A tsunami of technological innovation has swept through the buildings sector in recent years. This includes LED lighting systems, high performance windows, air-to-air cold climate heat pumps, electronically commutated high efficiency fan and pump motors, advanced energy flywheels, and other heat recovery technologies. When combined with deep cost reductions in sensors and digitized control technologies, the recapitalization of old buildings can create healthier, more productive space that no longer relies on antiquated fossil fuel combustion technologies.

Electrification is the key to efficiency, including by switching current electric resistance heating to heat pump technology. Modern, electric-powered technologies are dramatically more efficient than their predecessors or their combustion-based alternatives. In a deep building retrofit, these efficiency gains can drive reductions in power consumption that are sometimes larger than the additional electricity required to switch from natural gas to heat pumps. By combining building energy efficiency and electrification, the decarbonization of commercial and institutional buildings can facilitate grid decarbonization.

 

The Opportunity: Better Buildings and Zero Emissions through Modernization

SSG and RMI’s Roadmap to Low-Carbon Operations in the National Capital Region illustrates a classic example of the whole being greater than the sum of the parts. The Roadmap shows how an integrated, whole-building approach to the renewal of federal buildings can result in better buildings that are fossil fuel-free and have lower aggregate electricity consumption than they do today.

While the mix of technologies and the energy and emissions outcomes vary from one building to the next, we found that aggregate electricity consumption could be reduced by 25 percent or more, even as the gas-heated stock is electrified. This is the opportunity created by the convergence of an aging stock, a climate change imperative, and a new generation of building technologies that have transformed the art of the possible.

The Roadmap shows how the government’s offices can be replaced with dynamic spaces and flexible work arrangements that make its employees healthier and happier.
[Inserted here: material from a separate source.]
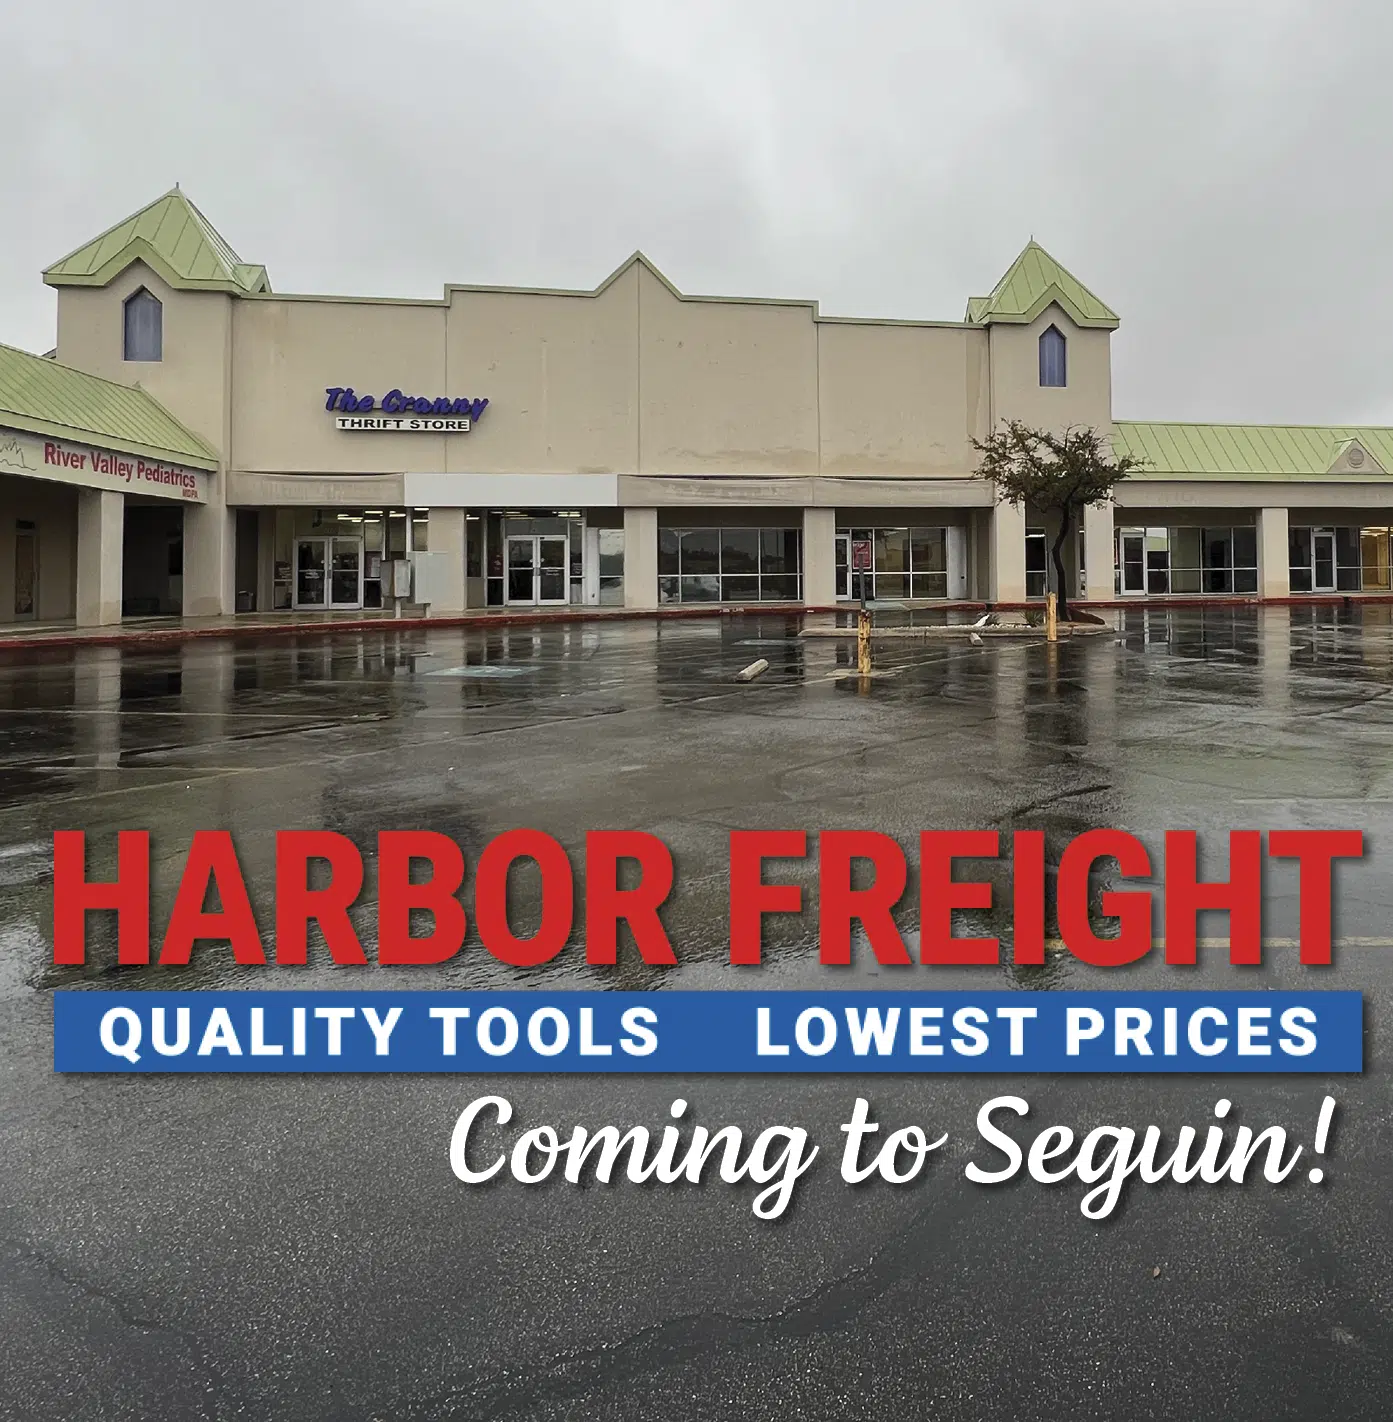 National retailer announces new location in Seguin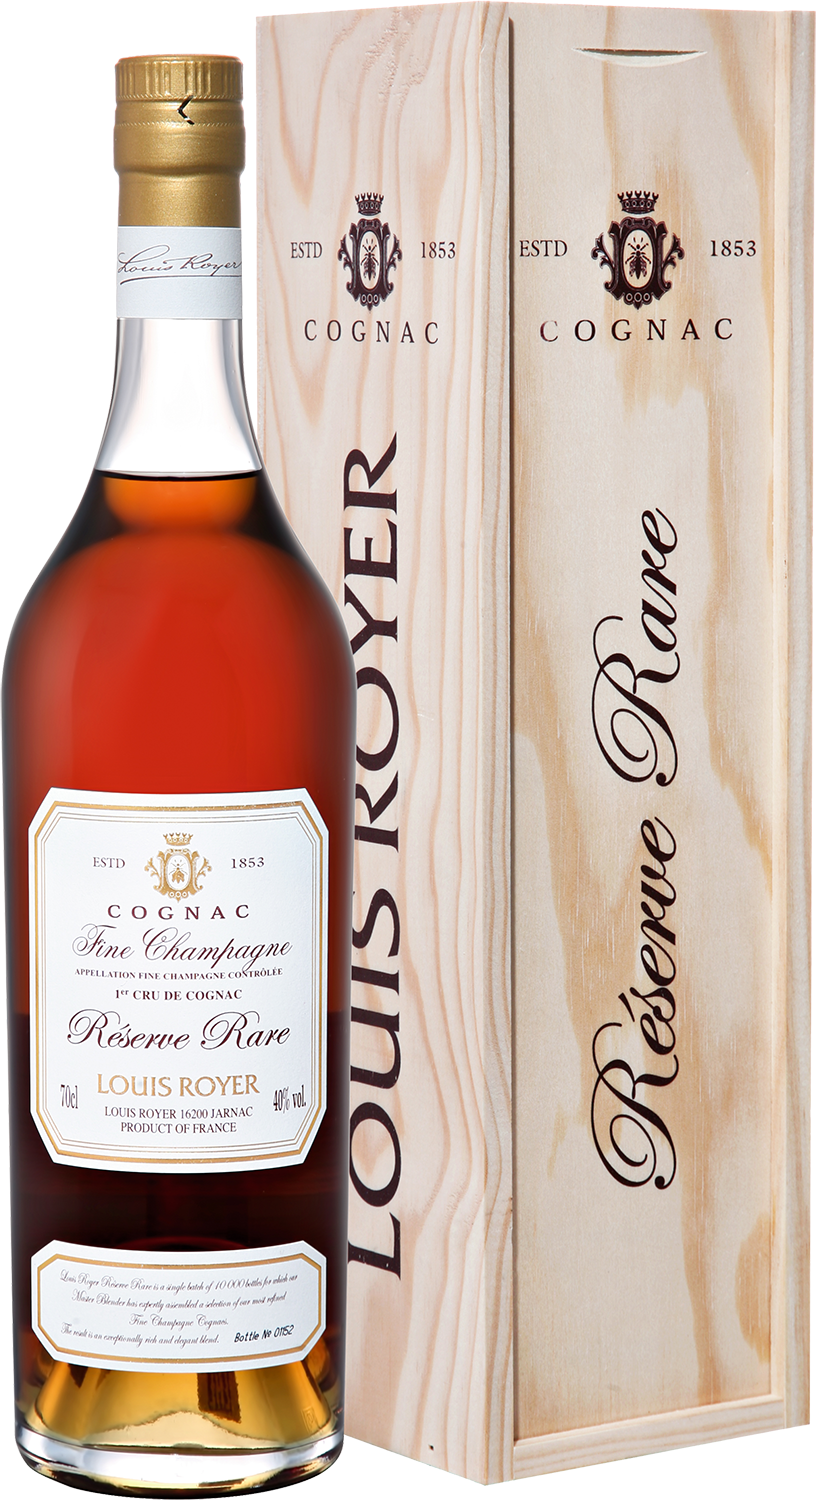 louis royer cognac xo gift box Cognac Louis Royer Fine Champagne Reserve Rare (gift box)

It is a blueprint for creating spaces with better ventilation and temperature controls, all of which enhance focus, productivity, and efficiency.

By choosing the path of carbon neutrality, the Canadian government can become a model. It can show all kinds of organizations—from municipal governments to large corporations to other countries—that addressing the climate crisis is about so much more than reducing greenhouse gas emissions. It is an opportunity to build vibrant, healthy, and resilient communities. It is a chance to step onto the best path for our future.